Round 1

Reviewer 1 Report

                                             

The presented manuscript covers a thorough investigation on the composition and cytotoxicity of extract from Cnidoscolus aconitifolius. In this manuscript, the authors identified and quantified the major compounds in CA and PR extracts followed by evaluation of CA/PR extracts in SW480 cells for cytotoxicity and antiproliferative effect. Overall, this is an interesting research article, revealing the potential of CA extracts in cancer treatments, which would attract wide interest in this field. Here attached my comments.

1.       The authors did a great job in identification of the major compounds in CA extracts, it would be more helpful if the authors could include a representative Mass Spec results in the manuscript or in supplemental files.

2.       Although the authors include a lot of information in the discussion section, it would be better to reorganize the content.

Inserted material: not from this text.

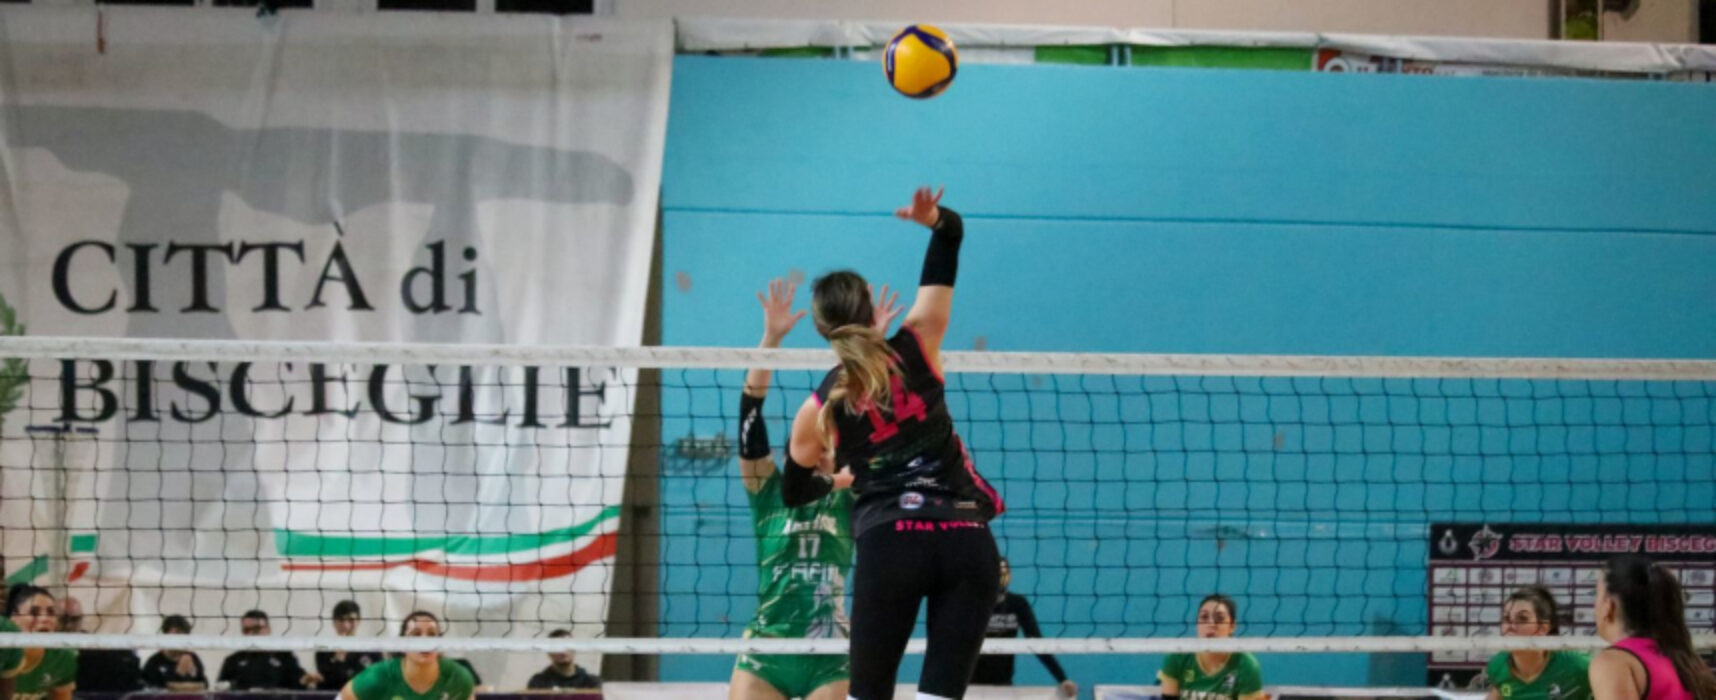 Star Volley inarrestabile, vittoria netta anche a Cerignola / CLASSIFICA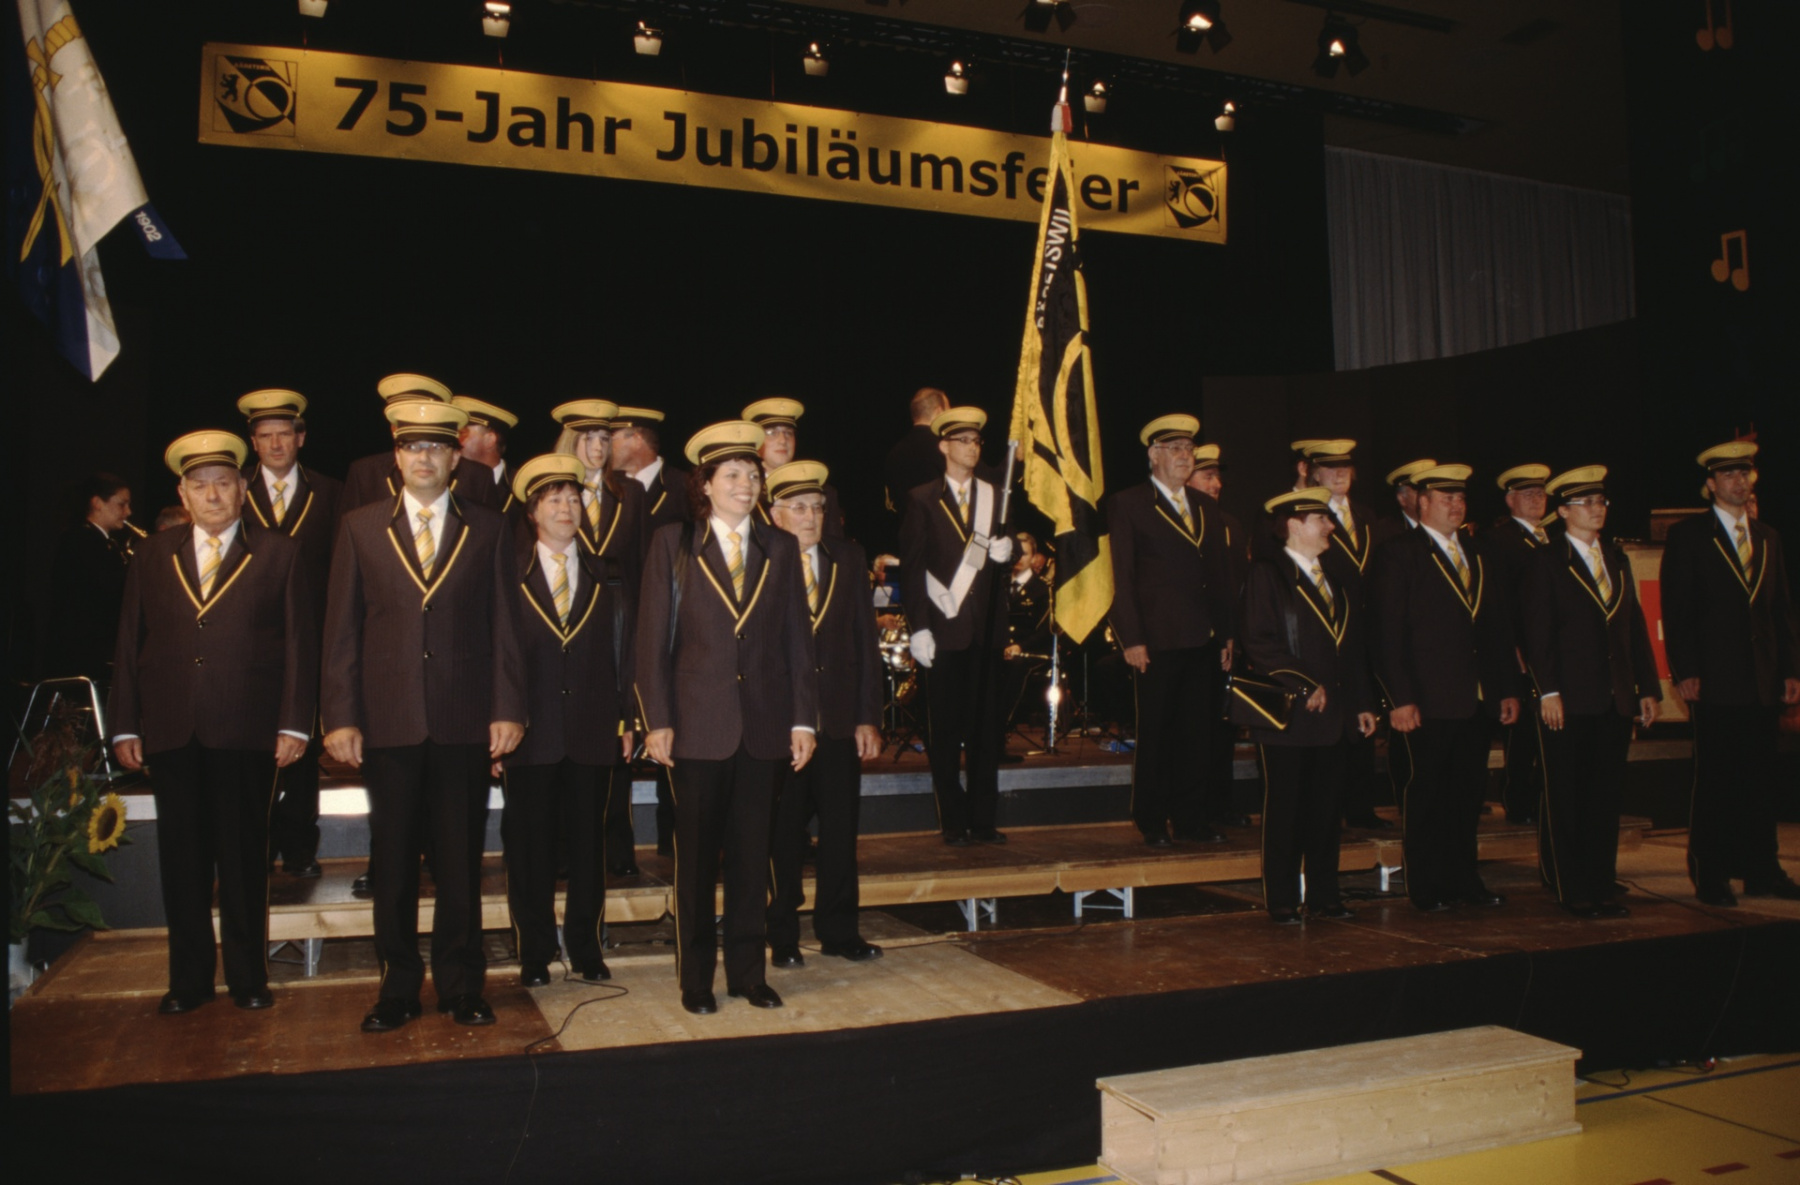 Uniformweihe 75 Jahre Jubiläum, MZH, Einmarsch mit der alten Uniform

I would suggest stating the rationale of this study, why choose colon cancer and the importance of Apc and Kras involved in CRC in the background section to clarify the aim of the study. Also, the explanation of cell cycle should also be included in the corresponding results section to illustrate what it means by arresting cells in certain stages.

3.       In the discussion section, the authors mentioned that CA extracts show cytotoxicity effect in other cancer cell lines. Corresponding citations need to be listed.

 

4.       Is there any study of CA extracts in vivo? Could the authors provide a brief discussion about the in vivo fate of CA extracts?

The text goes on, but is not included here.